Para Negative Thinker, termasuk Abbas MUI selalu mengatasnamakan pengutukan terhadap Israel, karena Israel dilihat sebagai penjajah yang bertentangan dengan pembukaan UUD 1945 dan oleh karena itu Indonesia menolak untuk membuka hubungan diplomatik dengannya.
Saya pikir ada sejumlah masalah dengan argumen ini. Terlepas dari kenyataan baik PBB, Liga Arab, Organisasi Kerjasama Islam (OKI) atau organisasi multilateral lainnya tidak secara resmi menggambarkan Gaza dan Tepi Barat Israel sebagai koloni, hanya pembukaan UUD 1945 saja yang menyatakan hal itu, so tidak menghalangi Jakarta untuk melakukan hubungan diplomatik formal dengan negara lain yang dituduh melakukan penjajahan.Â
Masalah kedua dengan argumen ini adalah bahwa kecaman MUI misalnya atau argumen kedua pejabat Deplu sebagaimana disinggung di muka mengabaikan fakta bahwa Istibsyaroh dkk tidak hanya bertemu dengan otoritas Arab Palestina dan para pemimpin Muslim dalam perjalanannya, tetapi mereka juga berusaha memperagakan langsung kepada Israel tentang negaranya selama pertemuan dengan Presiden Israel Reuben Rivlin.

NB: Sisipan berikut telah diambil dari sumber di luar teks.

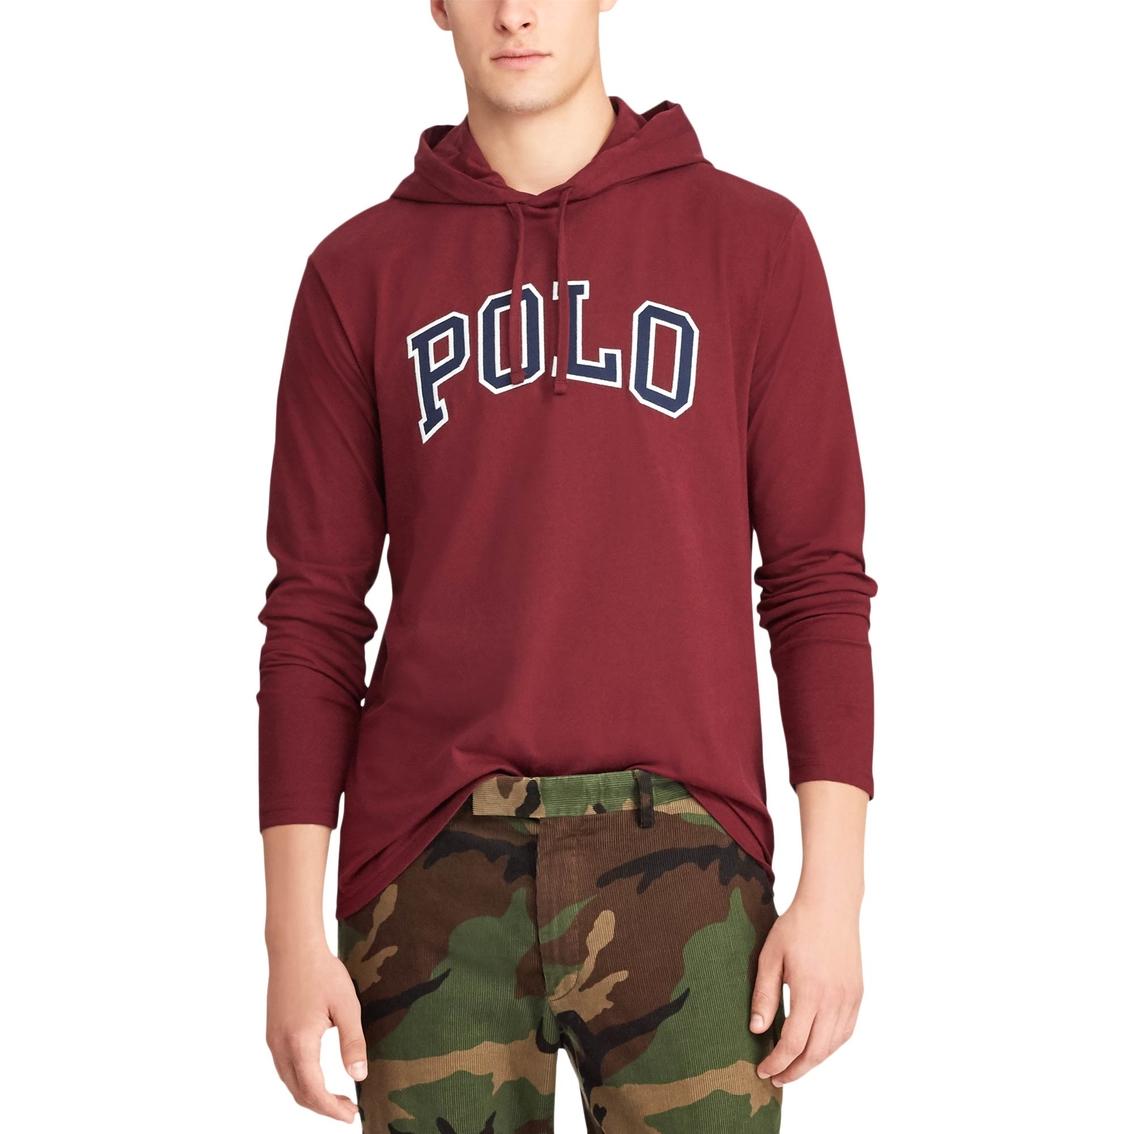 404c78868a5 Polo Ralph Lauren Cotton Jersey Hooded Tee | T-shirts | Apparel ...

Masalah lain yang dihadapi Indonesia dengan mengutuk dan menstigma setiap kunjungan ke Israel "atas nama apa pun" justeru semakin memperjelas banyak peluang untuk membangun perdamaian yang hilang. Dan itu akan terus terjadi jika Indonesia dan Israel tidak berinteraksi satu sama lain.
Reaksi negatif dari siapapun itu terhadap kunjungan delegasi Indonesia ke Israel belum lama ini menimbulkan pertanyaan yang relevan tentang apakah - dalam retrospeksi - kurangnya hubungan diplomatik Indonesia-Israel telah benar-benar membantu Arab Palestina.Â
Kenyataan setelah beberapa dekade ini, meskipun Jakarta telah mendirikan kedutaan di tepi barat, rumah sakit, memberikan dukungan terhadap OKI dan meluncurkan sejumlah proyek atas nama bantuan kemanusiaan di Gaza, pendekatan Indonesia terhadap solusi dua negara ternyata tidak berhasil.

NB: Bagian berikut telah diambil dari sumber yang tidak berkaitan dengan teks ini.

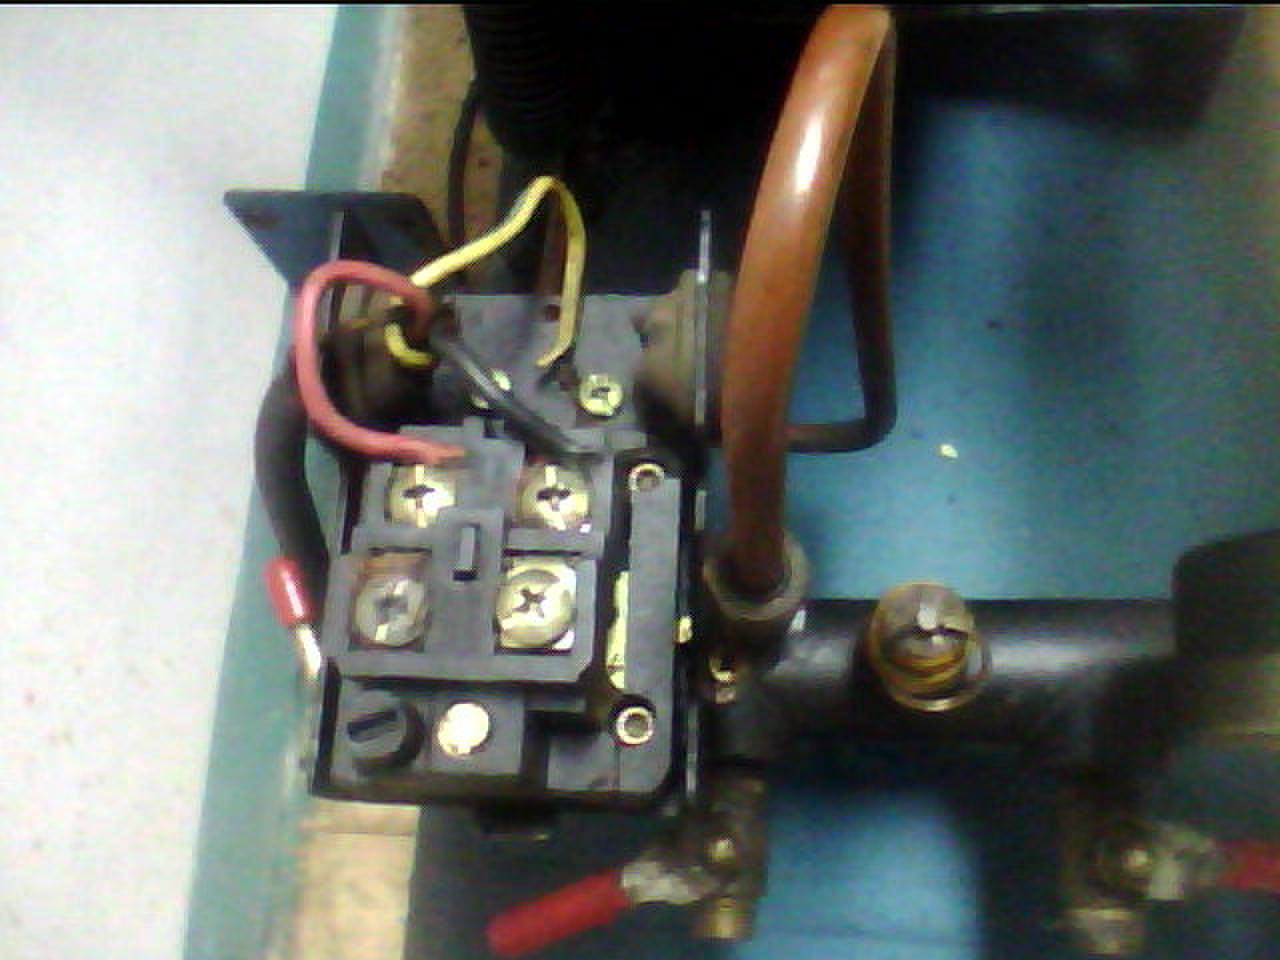 380v交流电机接线图 三相380v电机接线图 380v电机要接线图片

Solusi dua negara tidak dapat dinegosiasikan hanya dengan salah satu pihak. Sebaliknya, mungkin akan efektif jika Indonesia secara pragmatis membuka hubungan diplomatik dengan Israel.Â
Pemerintahan Donald Trump yang pro-Israel dan kini pemerintahan Biden yang tetap harus melanjutkan Abraham Accord legacy Trump, pastinya menginginkan Jakarta mengubah cara pandangnya, terlebih pasca keluarnya AS dari Afghanistan dan di tengah kecamuk perang Russia Vs Ukraina yang terjadi di mandala Eropa sekarang.
Kebijakan Myopia Indonesia terhadap Israel seperti yang dianut dan diyakini selama ini bukanlah kebijakan luar negeri yang radikal. Turki, Yordania dan Mesir-lah yang radikal.Â
Mereka telah cukup lama menjalin hubungan diplomatik dengan Israel yang memungkinkan ketiga negara tsb lebih berpengaruh dalam proses perdamaian Timur Tengah ketimbang negara-negara lain seperti Indonesia dan Pakistan. Mesir misalnya selalu efektif melakukan advokasi atas nama Arab Palestina. Juga, Mesir selalu berhasil memediasi konflik Gaza.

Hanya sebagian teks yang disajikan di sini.